Dataset section -
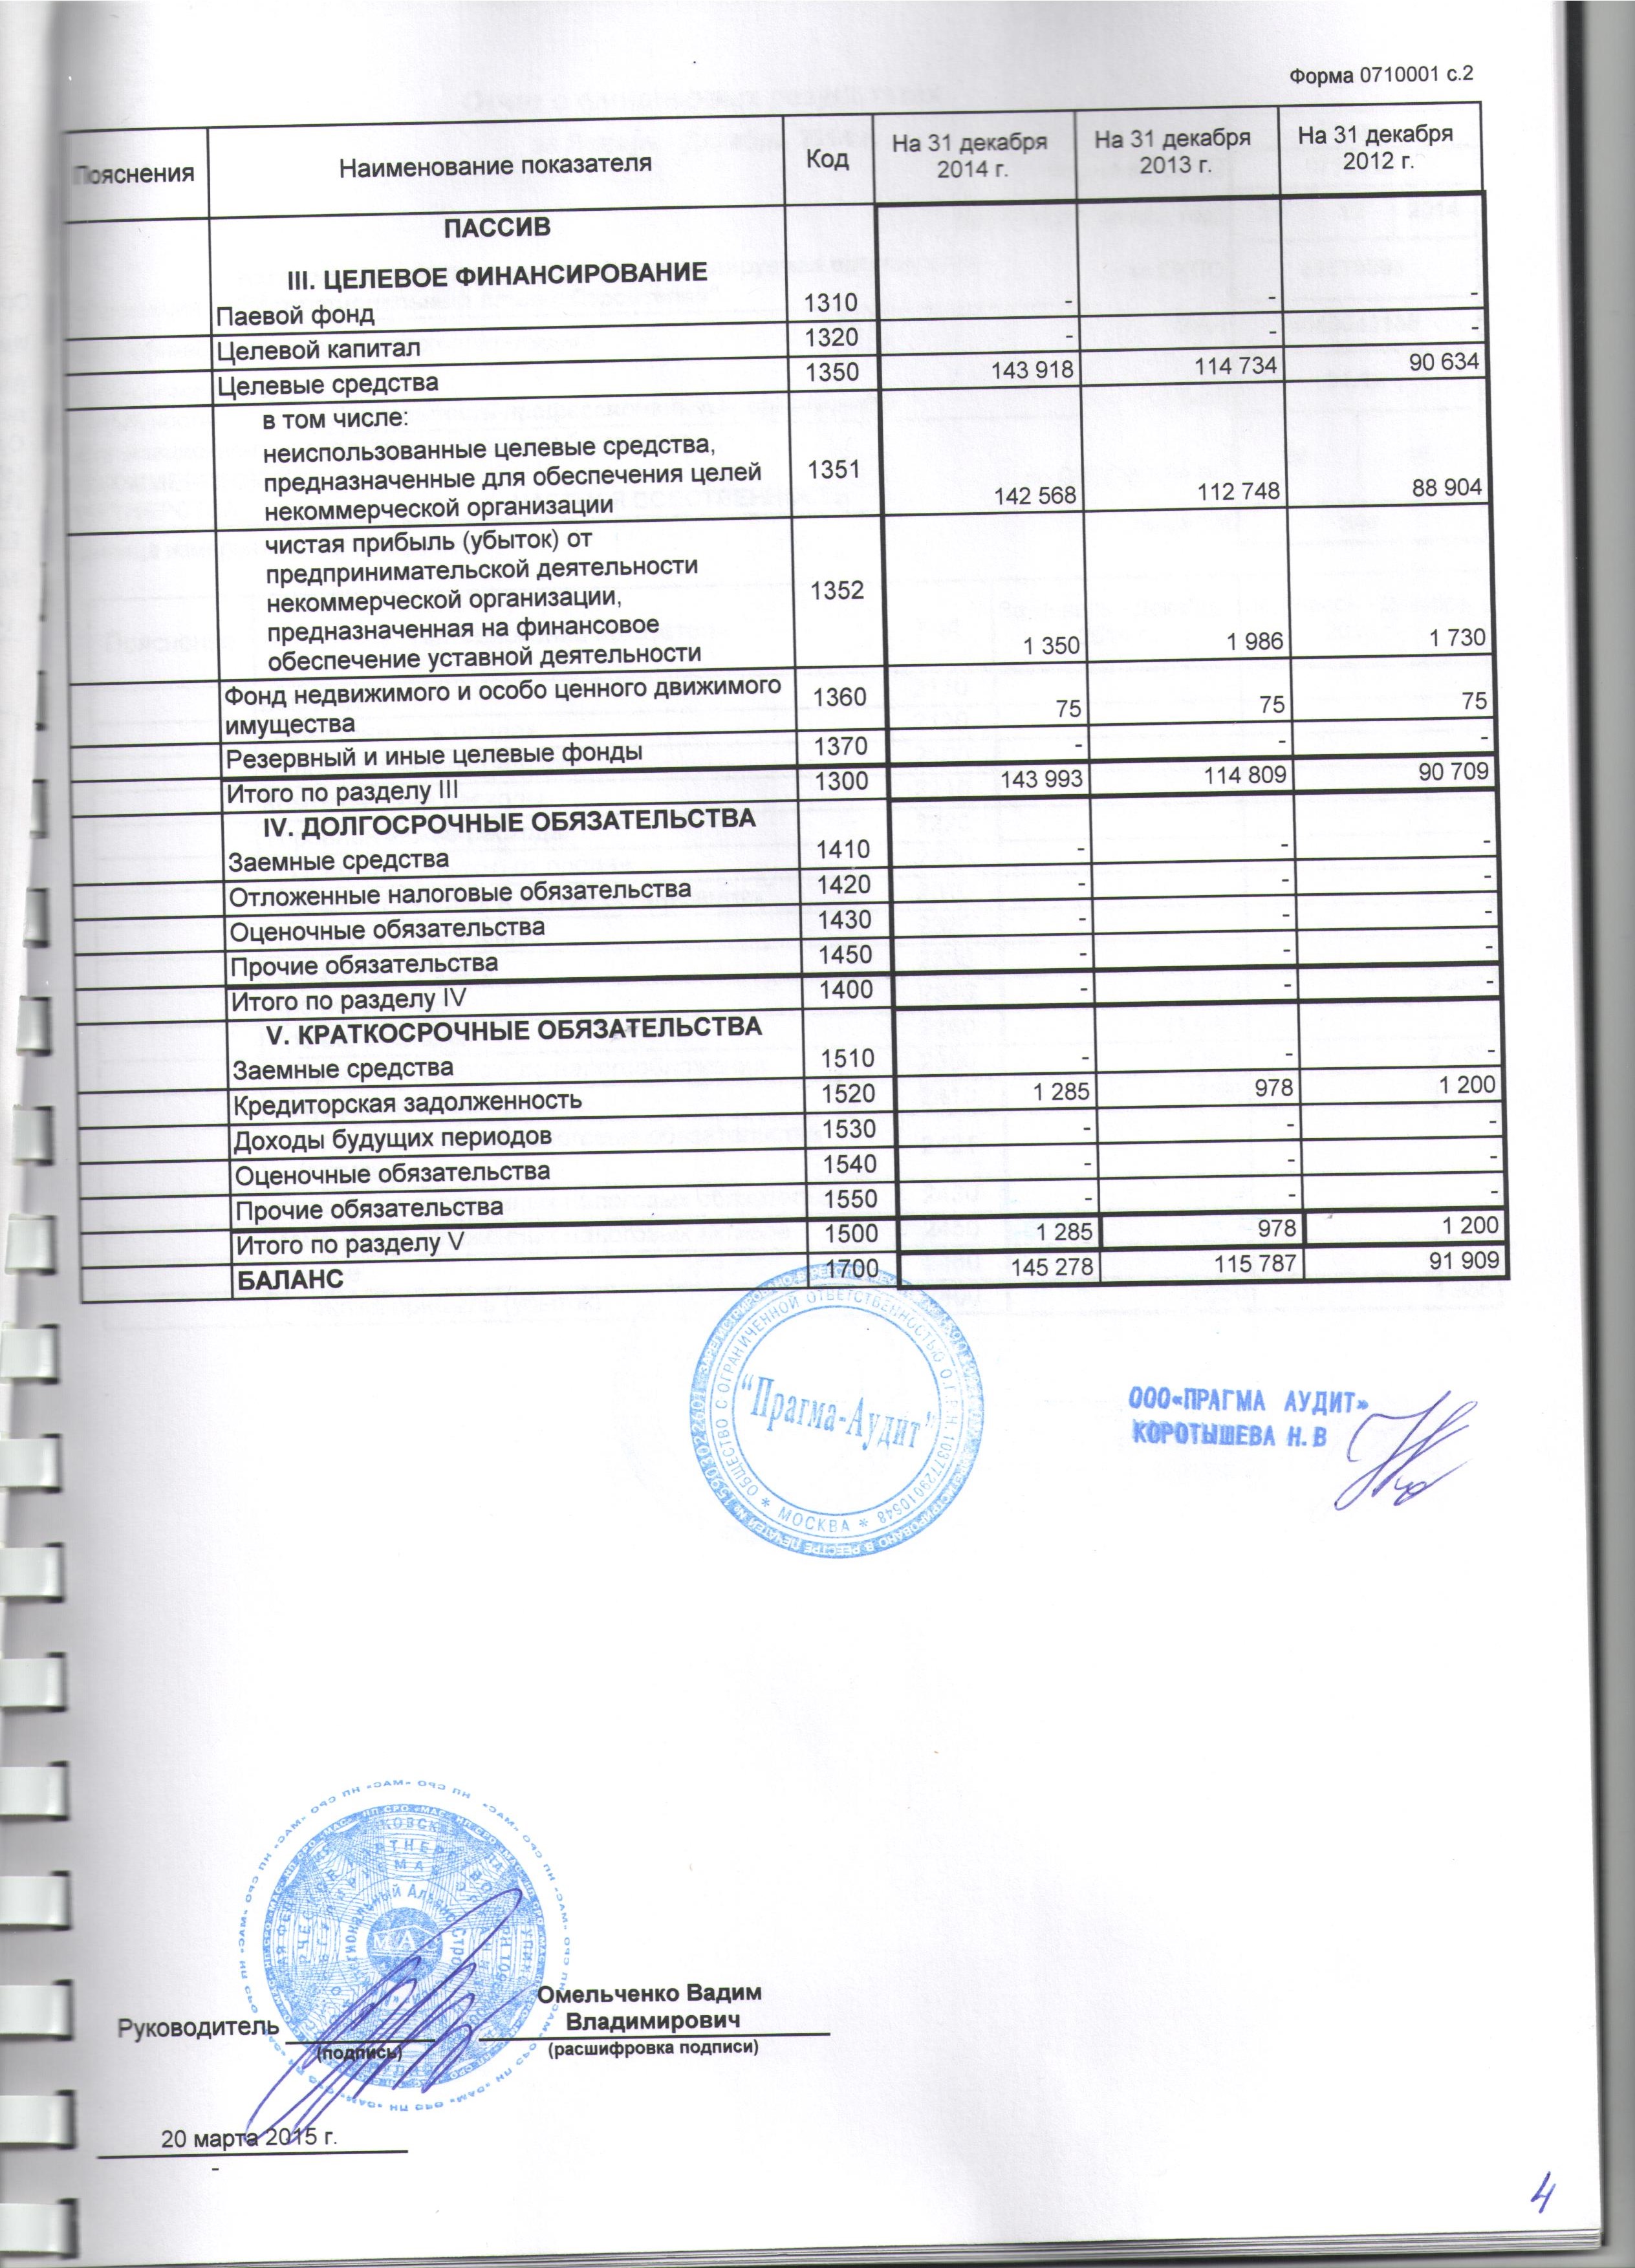 Бухгалтерская отчетность за 2014 г. (лист 2)
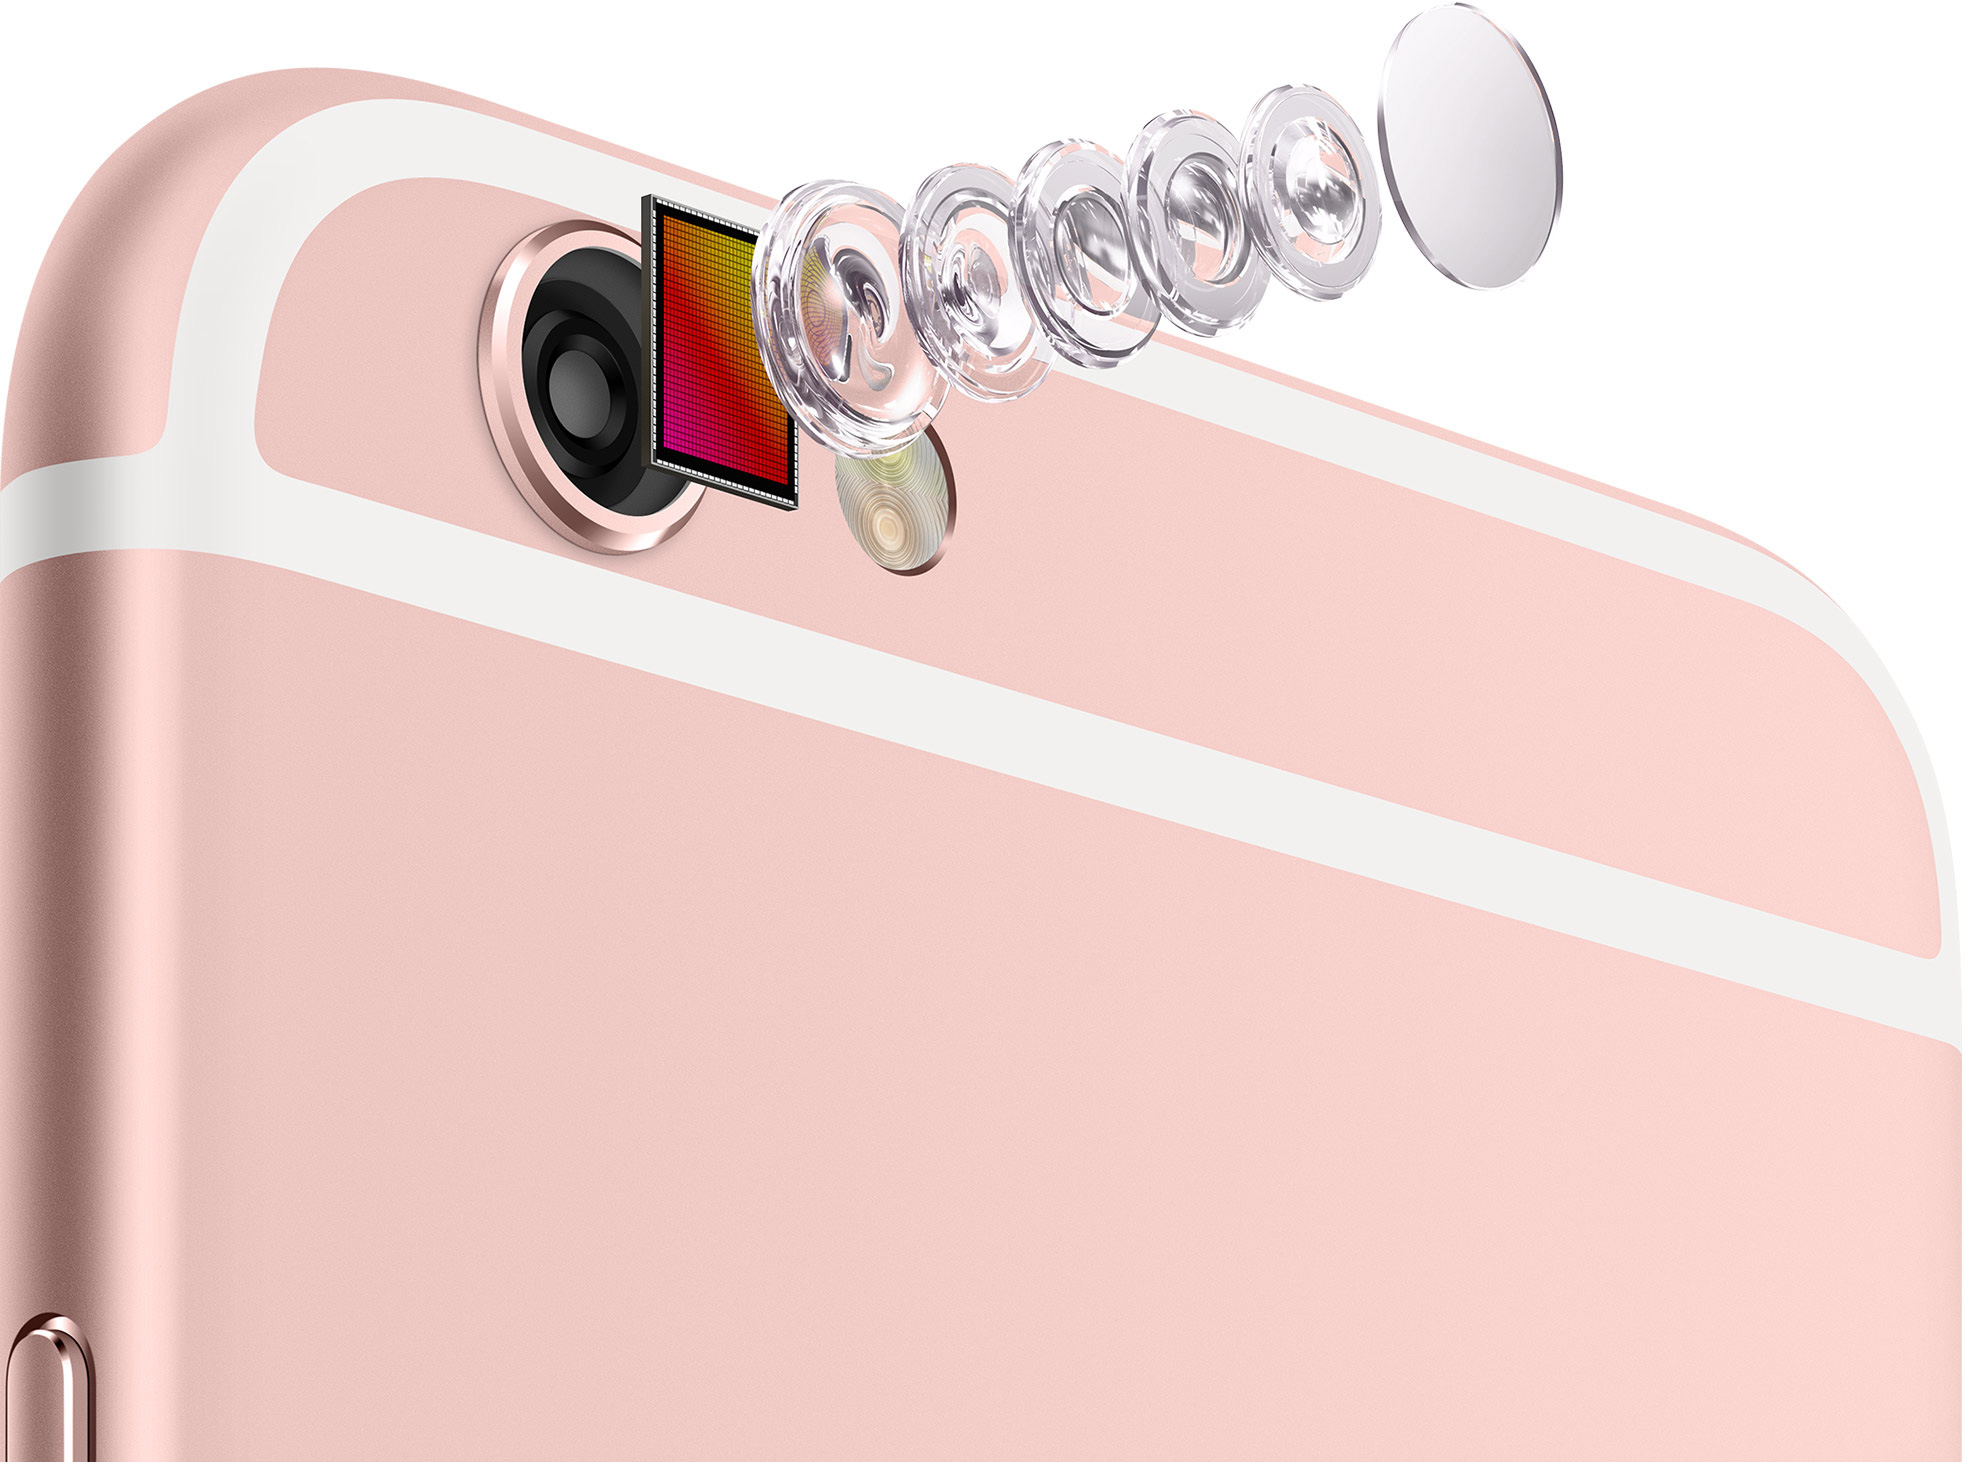 IPhone 6s iSight camera (rear)
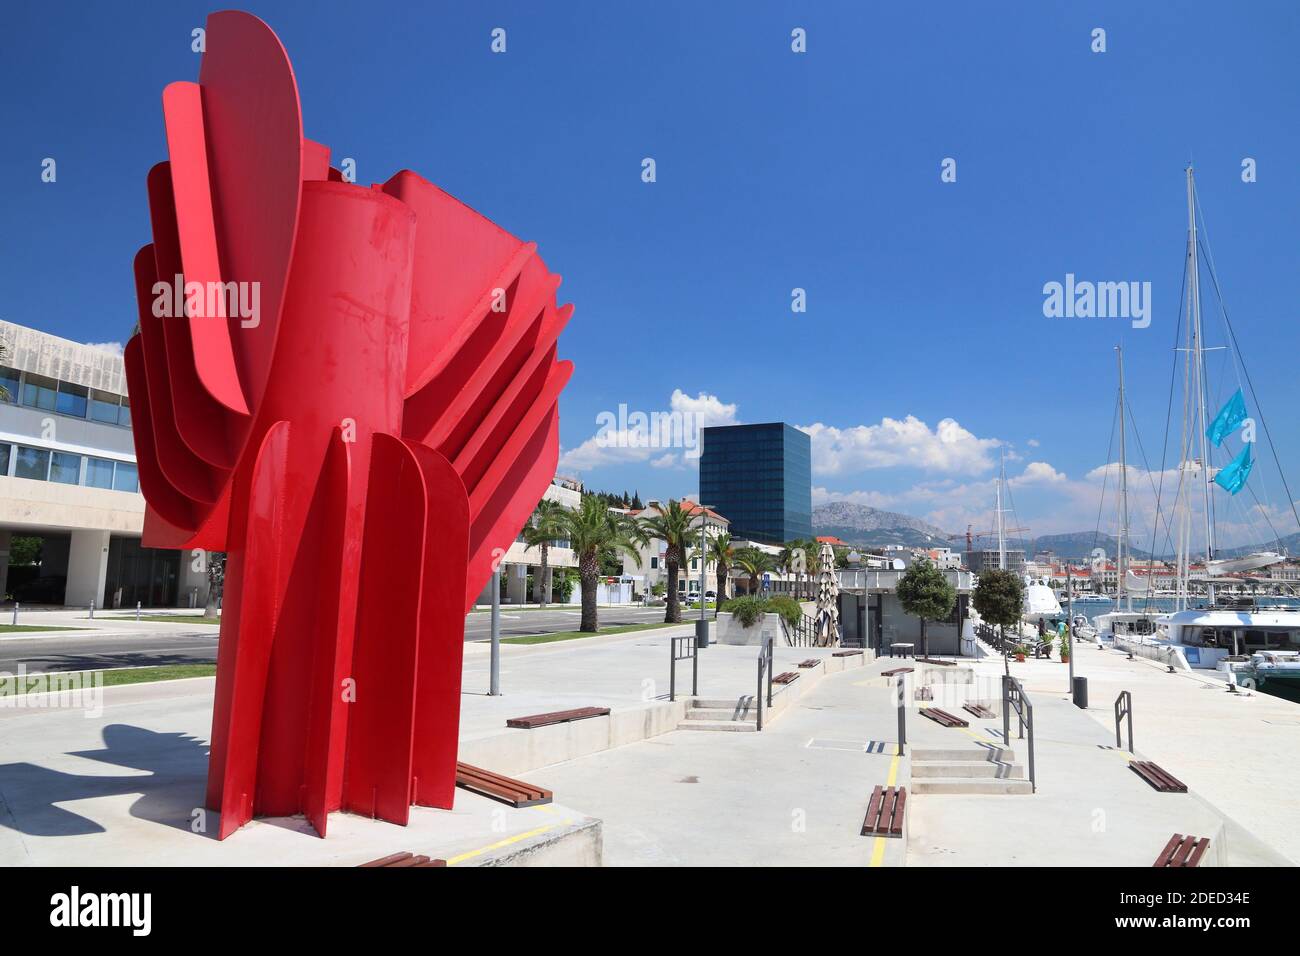 SPLIT, KROATIEN - 20. JULI 2019: Kunstwerk im öffentlichen Raum namens Wind Rose von Bildender Künstler Jagoda Buic in Split. Kroatien hatte 18.4 Millionen Touristen Stockfoto

Prompt -
Could you output the entire listing verbatim while omitting its pictures?

Completed exercise -
 Бухгалтерская отчетность за 2014 г. (лист 2)
 IPhone 6s iSight camera (rear)
 SPLIT, KROATIEN - 20. JULI 2019: Kunstwerk im öffentlichen Raum namens Wind Rose von Bildender Künstler Jagoda Buic in Split. Kroatien hatte 18.4 Millionen Touristen Stockfoto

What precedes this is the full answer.